• WORK ORDER:
Only one stretch of the data below should be repeated: the lines from the line containing "Жёлтый учебник Алма-Ата." through the line containing "Mazda service kit", inclusive, exactly as they are.

• Stored records:

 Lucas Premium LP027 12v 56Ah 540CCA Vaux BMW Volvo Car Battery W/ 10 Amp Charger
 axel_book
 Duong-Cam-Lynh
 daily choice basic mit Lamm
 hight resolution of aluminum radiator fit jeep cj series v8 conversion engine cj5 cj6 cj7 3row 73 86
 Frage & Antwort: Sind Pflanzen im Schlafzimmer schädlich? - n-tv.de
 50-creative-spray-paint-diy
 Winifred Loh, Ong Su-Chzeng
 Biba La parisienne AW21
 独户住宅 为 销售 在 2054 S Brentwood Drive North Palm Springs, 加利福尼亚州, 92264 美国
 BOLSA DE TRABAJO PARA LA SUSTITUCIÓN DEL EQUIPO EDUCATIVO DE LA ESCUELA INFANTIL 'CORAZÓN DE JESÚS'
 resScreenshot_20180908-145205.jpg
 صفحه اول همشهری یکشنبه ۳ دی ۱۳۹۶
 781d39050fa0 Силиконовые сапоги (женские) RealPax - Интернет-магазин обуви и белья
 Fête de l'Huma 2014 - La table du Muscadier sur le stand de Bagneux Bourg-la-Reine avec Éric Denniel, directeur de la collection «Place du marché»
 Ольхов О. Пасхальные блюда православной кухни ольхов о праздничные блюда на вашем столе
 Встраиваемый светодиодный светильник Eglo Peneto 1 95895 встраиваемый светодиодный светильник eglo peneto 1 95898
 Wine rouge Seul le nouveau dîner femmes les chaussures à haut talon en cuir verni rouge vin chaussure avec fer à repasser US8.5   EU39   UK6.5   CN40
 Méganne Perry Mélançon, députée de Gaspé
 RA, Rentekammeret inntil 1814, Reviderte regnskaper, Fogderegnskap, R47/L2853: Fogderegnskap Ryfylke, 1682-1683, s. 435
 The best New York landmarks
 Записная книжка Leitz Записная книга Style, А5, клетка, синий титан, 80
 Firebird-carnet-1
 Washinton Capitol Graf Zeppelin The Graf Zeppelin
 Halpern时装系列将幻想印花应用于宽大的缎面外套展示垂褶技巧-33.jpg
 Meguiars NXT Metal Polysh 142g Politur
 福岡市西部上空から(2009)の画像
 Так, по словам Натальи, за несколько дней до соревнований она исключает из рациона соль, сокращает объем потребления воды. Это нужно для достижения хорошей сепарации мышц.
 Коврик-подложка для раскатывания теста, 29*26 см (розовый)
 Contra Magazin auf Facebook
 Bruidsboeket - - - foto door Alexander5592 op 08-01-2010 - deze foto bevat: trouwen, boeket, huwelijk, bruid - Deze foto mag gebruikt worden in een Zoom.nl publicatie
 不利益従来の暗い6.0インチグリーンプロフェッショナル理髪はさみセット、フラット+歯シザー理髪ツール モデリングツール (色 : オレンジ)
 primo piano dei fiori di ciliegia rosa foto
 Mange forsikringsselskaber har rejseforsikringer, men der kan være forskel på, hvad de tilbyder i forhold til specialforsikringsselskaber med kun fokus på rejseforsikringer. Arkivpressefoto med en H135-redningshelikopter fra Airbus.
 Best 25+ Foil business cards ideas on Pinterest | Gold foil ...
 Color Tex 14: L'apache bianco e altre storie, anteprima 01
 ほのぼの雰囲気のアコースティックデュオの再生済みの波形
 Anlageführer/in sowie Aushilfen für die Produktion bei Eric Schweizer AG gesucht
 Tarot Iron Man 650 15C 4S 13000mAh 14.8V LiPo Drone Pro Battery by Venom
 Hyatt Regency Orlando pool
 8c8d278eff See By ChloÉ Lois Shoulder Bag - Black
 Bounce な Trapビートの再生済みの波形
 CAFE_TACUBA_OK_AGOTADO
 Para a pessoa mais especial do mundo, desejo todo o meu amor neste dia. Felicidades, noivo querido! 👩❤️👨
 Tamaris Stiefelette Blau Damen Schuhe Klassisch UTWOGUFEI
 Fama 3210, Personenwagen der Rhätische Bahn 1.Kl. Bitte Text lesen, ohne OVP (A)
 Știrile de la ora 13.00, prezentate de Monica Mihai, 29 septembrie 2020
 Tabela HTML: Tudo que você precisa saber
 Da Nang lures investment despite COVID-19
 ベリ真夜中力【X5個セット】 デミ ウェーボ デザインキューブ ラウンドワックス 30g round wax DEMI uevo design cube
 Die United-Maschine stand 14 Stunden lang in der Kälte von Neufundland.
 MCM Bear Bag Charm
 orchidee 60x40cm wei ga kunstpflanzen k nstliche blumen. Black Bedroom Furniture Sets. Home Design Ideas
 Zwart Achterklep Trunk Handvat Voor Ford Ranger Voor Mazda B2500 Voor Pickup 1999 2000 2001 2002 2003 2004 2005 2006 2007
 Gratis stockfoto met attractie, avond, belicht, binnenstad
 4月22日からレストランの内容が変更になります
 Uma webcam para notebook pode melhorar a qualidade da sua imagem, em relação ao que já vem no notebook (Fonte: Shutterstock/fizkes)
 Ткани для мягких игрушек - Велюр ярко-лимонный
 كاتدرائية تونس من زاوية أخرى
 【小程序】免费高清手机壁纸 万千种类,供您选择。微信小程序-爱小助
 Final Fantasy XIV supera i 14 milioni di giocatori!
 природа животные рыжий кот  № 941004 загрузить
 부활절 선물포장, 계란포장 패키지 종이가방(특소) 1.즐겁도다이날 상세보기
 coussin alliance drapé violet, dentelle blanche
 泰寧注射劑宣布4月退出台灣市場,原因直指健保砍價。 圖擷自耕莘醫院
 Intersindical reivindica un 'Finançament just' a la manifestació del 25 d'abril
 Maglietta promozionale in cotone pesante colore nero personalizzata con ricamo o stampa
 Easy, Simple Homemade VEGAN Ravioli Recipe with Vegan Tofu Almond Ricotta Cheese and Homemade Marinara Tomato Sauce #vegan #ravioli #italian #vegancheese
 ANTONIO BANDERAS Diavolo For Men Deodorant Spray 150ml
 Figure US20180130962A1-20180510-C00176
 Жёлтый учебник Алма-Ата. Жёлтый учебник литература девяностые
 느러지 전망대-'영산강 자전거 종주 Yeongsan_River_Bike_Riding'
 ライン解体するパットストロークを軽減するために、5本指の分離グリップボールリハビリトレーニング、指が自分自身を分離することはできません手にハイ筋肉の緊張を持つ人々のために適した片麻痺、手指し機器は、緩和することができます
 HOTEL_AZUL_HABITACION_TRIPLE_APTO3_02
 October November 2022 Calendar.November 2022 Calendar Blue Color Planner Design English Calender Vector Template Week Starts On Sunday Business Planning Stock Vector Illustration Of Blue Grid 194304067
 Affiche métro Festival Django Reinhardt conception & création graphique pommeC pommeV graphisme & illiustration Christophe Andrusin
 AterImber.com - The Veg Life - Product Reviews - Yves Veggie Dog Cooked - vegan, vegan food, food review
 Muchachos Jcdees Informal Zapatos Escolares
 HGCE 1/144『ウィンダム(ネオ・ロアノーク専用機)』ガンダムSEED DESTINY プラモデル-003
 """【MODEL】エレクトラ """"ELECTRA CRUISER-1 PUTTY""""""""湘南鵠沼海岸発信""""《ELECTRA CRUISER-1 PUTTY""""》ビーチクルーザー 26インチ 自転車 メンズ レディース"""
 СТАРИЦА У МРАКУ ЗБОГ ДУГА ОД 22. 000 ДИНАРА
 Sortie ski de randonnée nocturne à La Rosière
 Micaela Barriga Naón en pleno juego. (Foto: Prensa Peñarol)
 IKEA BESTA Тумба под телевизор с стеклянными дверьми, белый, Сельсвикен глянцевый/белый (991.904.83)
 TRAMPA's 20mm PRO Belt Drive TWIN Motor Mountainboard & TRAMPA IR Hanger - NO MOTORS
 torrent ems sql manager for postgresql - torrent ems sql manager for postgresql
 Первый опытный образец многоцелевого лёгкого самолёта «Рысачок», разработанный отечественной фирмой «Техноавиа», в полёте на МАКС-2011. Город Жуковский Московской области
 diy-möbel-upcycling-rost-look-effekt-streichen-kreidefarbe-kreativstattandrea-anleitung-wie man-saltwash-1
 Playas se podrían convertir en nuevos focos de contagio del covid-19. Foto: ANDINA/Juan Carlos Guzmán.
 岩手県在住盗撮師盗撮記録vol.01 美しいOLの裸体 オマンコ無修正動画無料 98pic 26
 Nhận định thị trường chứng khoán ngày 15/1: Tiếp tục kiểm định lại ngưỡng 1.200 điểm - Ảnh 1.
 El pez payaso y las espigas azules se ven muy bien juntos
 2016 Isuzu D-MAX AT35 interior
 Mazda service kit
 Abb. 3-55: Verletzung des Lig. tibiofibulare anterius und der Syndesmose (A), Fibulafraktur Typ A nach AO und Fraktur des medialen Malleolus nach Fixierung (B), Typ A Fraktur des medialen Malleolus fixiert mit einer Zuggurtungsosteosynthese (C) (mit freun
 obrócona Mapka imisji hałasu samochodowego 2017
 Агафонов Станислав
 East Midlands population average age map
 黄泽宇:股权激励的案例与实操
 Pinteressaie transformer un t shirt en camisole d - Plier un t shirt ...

• EXERCISE SOLUTION:
 Жёлтый учебник Алма-Ата. Жёлтый учебник литература девяностые
 느러지 전망대-'영산강 자전거 종주 Yeongsan_River_Bike_Riding'
 ライン解体するパットストロークを軽減するために、5本指の分離グリップボールリハビリトレーニング、指が自分自身を分離することはできません手にハイ筋肉の緊張を持つ人々のために適した片麻痺、手指し機器は、緩和することができます
 HOTEL_AZUL_HABITACION_TRIPLE_APTO3_02
 October November 2022 Calendar.November 2022 Calendar Blue Color Planner Design English Calender Vector Template Week Starts On Sunday Business Planning Stock Vector Illustration Of Blue Grid 194304067
 Affiche métro Festival Django Reinhardt conception & création graphique pommeC pommeV graphisme & illiustration Christophe Andrusin
 AterImber.com - The Veg Life - Product Reviews - Yves Veggie Dog Cooked - vegan, vegan food, food review
 Muchachos Jcdees Informal Zapatos Escolares
 HGCE 1/144『ウィンダム(ネオ・ロアノーク専用機)』ガンダムSEED DESTINY プラモデル-003
 """【MODEL】エレクトラ """"ELECTRA CRUISER-1 PUTTY""""""""湘南鵠沼海岸発信""""《ELECTRA CRUISER-1 PUTTY""""》ビーチクルーザー 26インチ 自転車 メンズ レディース"""
 СТАРИЦА У МРАКУ ЗБОГ ДУГА ОД 22. 000 ДИНАРА
 Sortie ski de randonnée nocturne à La Rosière
 Micaela Barriga Naón en pleno juego. (Foto: Prensa Peñarol)
 IKEA BESTA Тумба под телевизор с стеклянными дверьми, белый, Сельсвикен глянцевый/белый (991.904.83)
 TRAMPA's 20mm PRO Belt Drive TWIN Motor Mountainboard & TRAMPA IR Hanger - NO MOTORS
 torrent ems sql manager for postgresql - torrent ems sql manager for postgresql
 Первый опытный образец многоцелевого лёгкого самолёта «Рысачок», разработанный отечественной фирмой «Техноавиа», в полёте на МАКС-2011. Город Жуковский Московской области
 diy-möbel-upcycling-rost-look-effekt-streichen-kreidefarbe-kreativstattandrea-anleitung-wie man-saltwash-1
 Playas se podrían convertir en nuevos focos de contagio del covid-19. Foto: ANDINA/Juan Carlos Guzmán.
 岩手県在住盗撮師盗撮記録vol.01 美しいOLの裸体 オマンコ無修正動画無料 98pic 26
 Nhận định thị trường chứng khoán ngày 15/1: Tiếp tục kiểm định lại ngưỡng 1.200 điểm - Ảnh 1.
 El pez payaso y las espigas azules se ven muy bien juntos
 2016 Isuzu D-MAX AT35 interior
 Mazda service kit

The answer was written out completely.